100 coups de fouet pour adultère La loi islamique adoptée par le Soudan en 1983 prévoit en effet la peine de mort pour les musulmans qui épousent une autre religion. Or, Meriam Ibrahim est née de père musulman et se trouve ainsi être, pour s’être convertie au christianisme, sous le coup de cette loi. Le verdict est tombé, le 15 mai dernier, à Khartoum. La peine promise à cette jeune maman est celle de la pendaison, après la séance de torture prévue auparavant. Pourquoi ces 100 coups de fouet? Parce que son mariage avec un chrétien du Sud Soudan est considéré comme un acte d'adultère.
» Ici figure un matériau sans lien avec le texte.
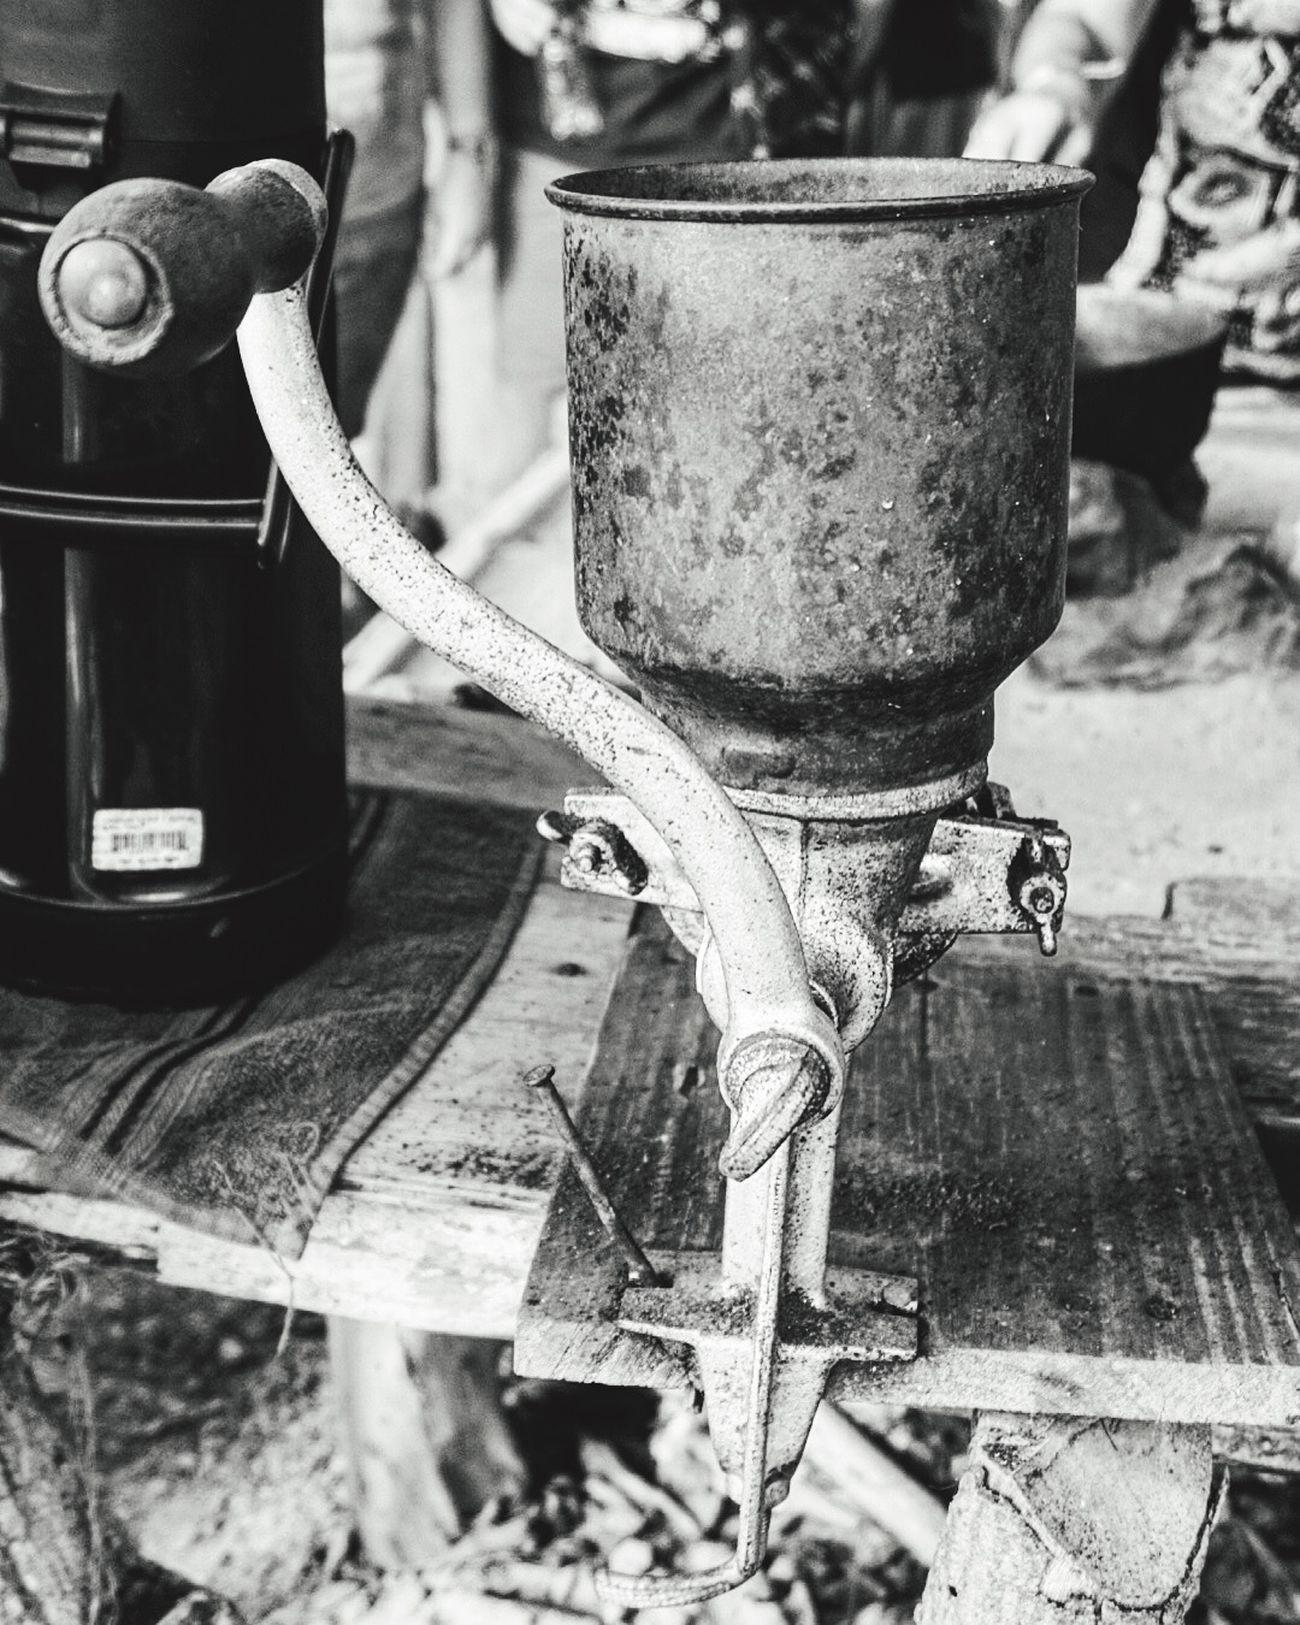 Coffee #cafe #instacoffee #TagsForLikes #cafelife #caffeine #hot #mug #drink #coffeeaddict #coffeegram #coffeeoftheday #cotd #coffeelover #coffeelovers #coffeeholic #coffiecup #coffeelove #coffeemug @TagsForLikes #coffeeholic #coffeelife Coffee Coffee Grinder Blackandwhite Blackandwhite Photography EyeEm Best Shots - Black + White Blackandwhitephotography

Le verdict? La jeune femme l'avait accueilli sans sourciller. Il lui aurait suffi, avait spécifié le juge de la charia islamique, d’abandonner sa nouvelle religion et de rentrer dans l’Islam pour échapper à la mort. "Nous vous avions donné trois jours pour abjurer votre foi mais vous avez insisté pour ne pas revenir vers l'islam. Je vous condamne à la peine de mort par pendaison", lui avait en effet lancé le juge Abbas Mohammed Al-Khalifa. Mais Meriam Ibrahim avait déclaré préférer la mort: elle est chétienne, avait-elle déclaré en soulignant n'avoir jamais fait acte d'apostasie. La naissance de sa petite fille la fera-t-elle flancher? Peut-être. Toujours est-il que la jeune femme n’a cédé jusqu’ici ni à la pression ni à la peur. Sa petite fille ? Une miraculée. Non seulement pour avoir survécu aux conditions d’hygiène de la prison, mais aussi parce que les oulémas ont longtemps discuté du fait de savoir si l’enfant porté par une mère condamnée pour apostasie était de même apostat ou s’il fallait attendre sa naissance pour l’exécution.
Meriam Ibrahim était déjà, d'après les militants des droits de l'Homme, maman d'un petit garçon de 20 mois au moment de sa détention. Son enfant aurait été emprisonné avec elle. Sa condamnation avait fait se soulever Amnesty International, plusieurs puissances européennes, et les Etats-Unis. La nouvelle de la naissance de sa petite fille ranimera sûrement la flamme militante qui s'était quelque peu affaiblie pour renverser la vapeur, peut-être, durant le temps qui lui a été accordé d'allaiter son enfant avant l'exécution.